Third-party performance benchmarks show CPUs with HBM2e memory now have sufficient memory bandwidth and computational capabilities to match GPU performance on many HPC and AI workloads.
By Rob Farber
Recent Intel and third-party benchmarks now provide hard evidence that the upcoming Intel® Xeon® processors codenamed Sapphire Rapids with high bandwidth memory (fast, high bandwidth HBM2e memory) and Intel® Advanced Matrix Extensions can match the performance of GPUs for many AI and HPC workloads. For many memory bandwidth bound applications, GPUs no longer outperform CPUs simply because they have a faster memory system. HBM2e memory for CPUs levels the playing field, making architectural differences the deciding factor in deciding which of the two devices is the preferred platform for a given workload.
The numbers tell the story as the addition of 64GB of on-package HBM2e memory increases bandwidth available to the forthcoming Intel Xeon processors codenamed Sapphire Rapids with HBM2e high bandwidth memory to approximately 1.22 TB/s, or by four times when compared to a similar Intel Xeon CPU with eight DDR5-4800 channels. [1]
Achieving GPU Performance on AI Workloads
The performance of bandwidth limited workloads is obviously dictated by the bandwidth of the memory subsystem. Historically, GPUs memory systems could deliver significantly more bytes per second to their computational units, which gave GPUs the ability to run many — but not all — memory bandwidth limited workloads much faster than CPUs. (The “not all” is important to HPC workloads and will be discussed below.)
This history made AI the de facto workload performance winner for GPUs.

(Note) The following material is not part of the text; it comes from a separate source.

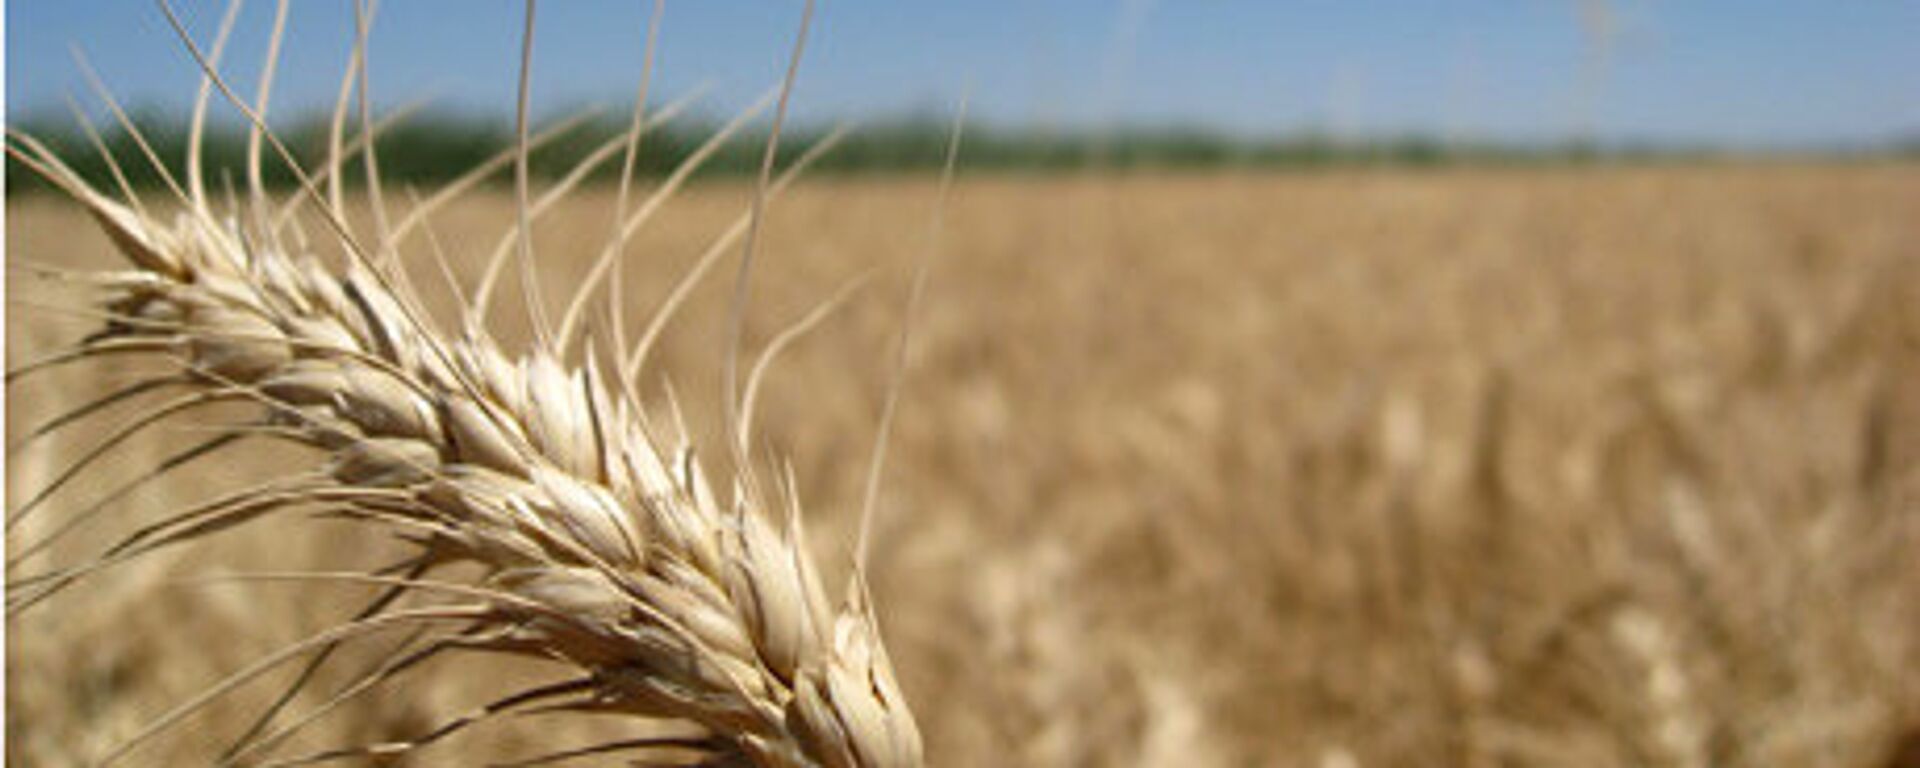 La récolte de céréales en 2012 est estimée à 94 mln tonnes - Sputnik Afrique, 1920, 02.11.2022

GPUs are fantastic for running data parallel workloads where every thread executes the same instruction in lockstep. This is referred to as the single instruction, multiple data execution (SIMD) architecture. For example, the very time-consuming training of AI models provides an excellent example of the trade-offs between computation, memory performance, and amount of parallelism in the problem. [2] Bulk inference operations (e.g., using the trained model to make predictions) also exhibit the same trade-offs.
Correspondingly, modern floating-point units have significantly outpaced memory performance for decades. [3] This explains why the training and evaluation of many AI models can very quickly become memory bandwidth bound because the computational units can process data faster than the memory system can fetch data.
The advent of deep learning quickly increased the complexity of the AI models and the types of computations performed inside the AI model. In response, GPU vendors added special instructions to their instruction set architectures (ISA) to speed the processing of the popular deep-learning models. Convolutional neural networks are one example. The advent of hardware accelerated reduced-precision arithmetic is another. Such ISA changes, along with the unavoidable fact that training more complex models generally requires big increases in the training set size [4] again made memory bandwidth the gating performance factor for many AI workloads.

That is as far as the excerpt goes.